I have slept with thousands of women, and they all still like me.
Women were the major beneficiary of the sexual revolution. It permitted them to be natural sexual beings, as men are. That's where feminism should have been all along. Unfortunately, within feminism, there has been a puritan, prohibitionist element that is antisexual.
Playboy is the antidote to puritanism.
In the 1950s and '60s, there were still states that outlawed birth control, so I started funding court cases to challenge that. At the same time, I helped sponsor the lower-court cases that eventually led to Roe v. Wade. We were the amicus curiae in Roe v. Wade. I was a feminist before there was such a thing as feminism. That's a part of history very few people know.
Sex is the driving force on the planet. We should embrace it, not see it as the enemy.
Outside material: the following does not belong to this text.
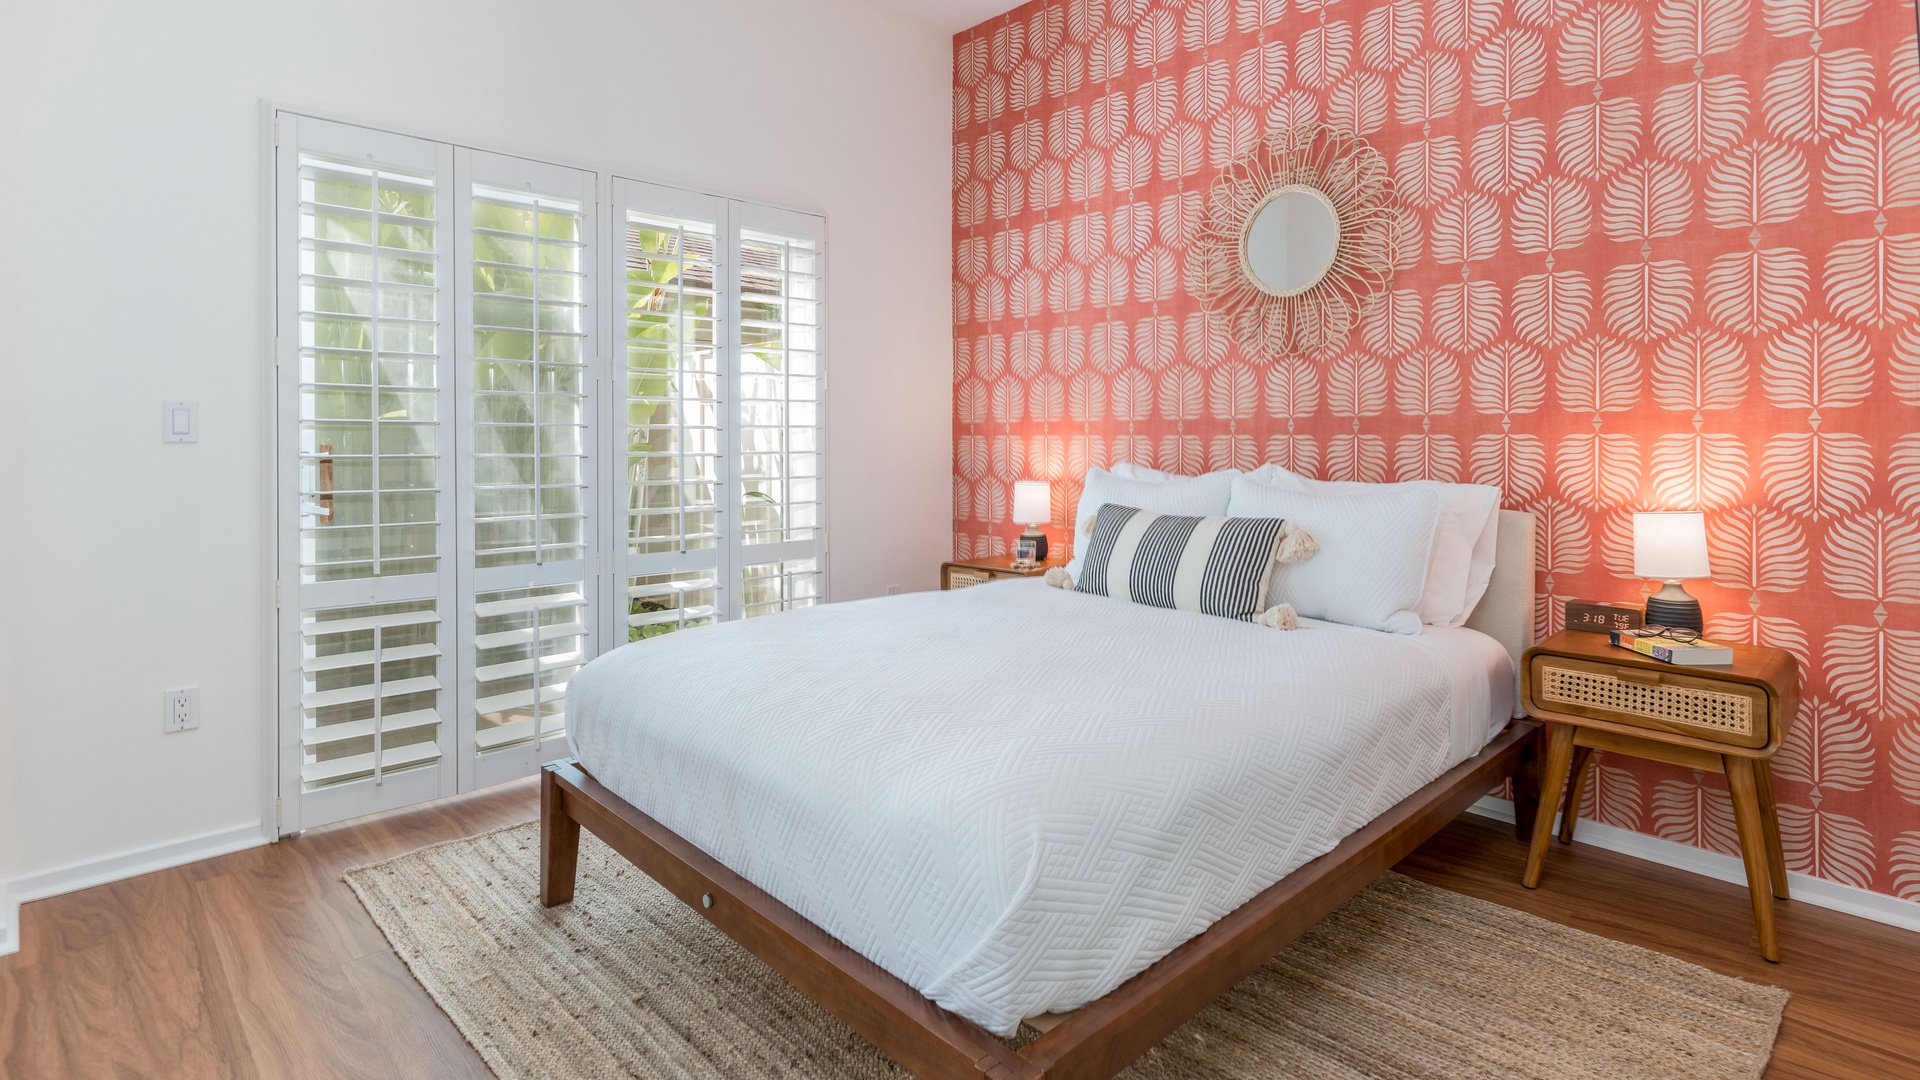 Kapolei Vacation Rentals, Coconut Plantation 1136-4 - The downstairs guest bedroom with a brilliant accent wall.

There isn't a whole lot of point to living half the year in a lousy climate.
Every man should have a Hitachi Wand. It's a very good vibrator.
We're separated by our myths.
One of the problems with organized religion is that it has always kept women in a second-class position. They have been viewed as the daughters of Eve.
I stand in total awe of existence. I don't pretend to know what it's about.
My best pick-up line is "My name is Hugh Hefner."
Most people don't have much of a clue as to why they act the way they do. Usually when they're angry, they're not angry about what they think they're angry about.
It's good to be selfish. But not so self-centered that you never listen to other people.
My life has been a quest for a world where the words to the songs are true. Not the songs today. Not "Who Let the Dogs Out." The romantic songs. Gershwin, Cole Porter...
Hollywood has many, many excesses and a great many not very nice people, but that's true anywhere. The difference between Hollywood and New York is that it's all out in the open.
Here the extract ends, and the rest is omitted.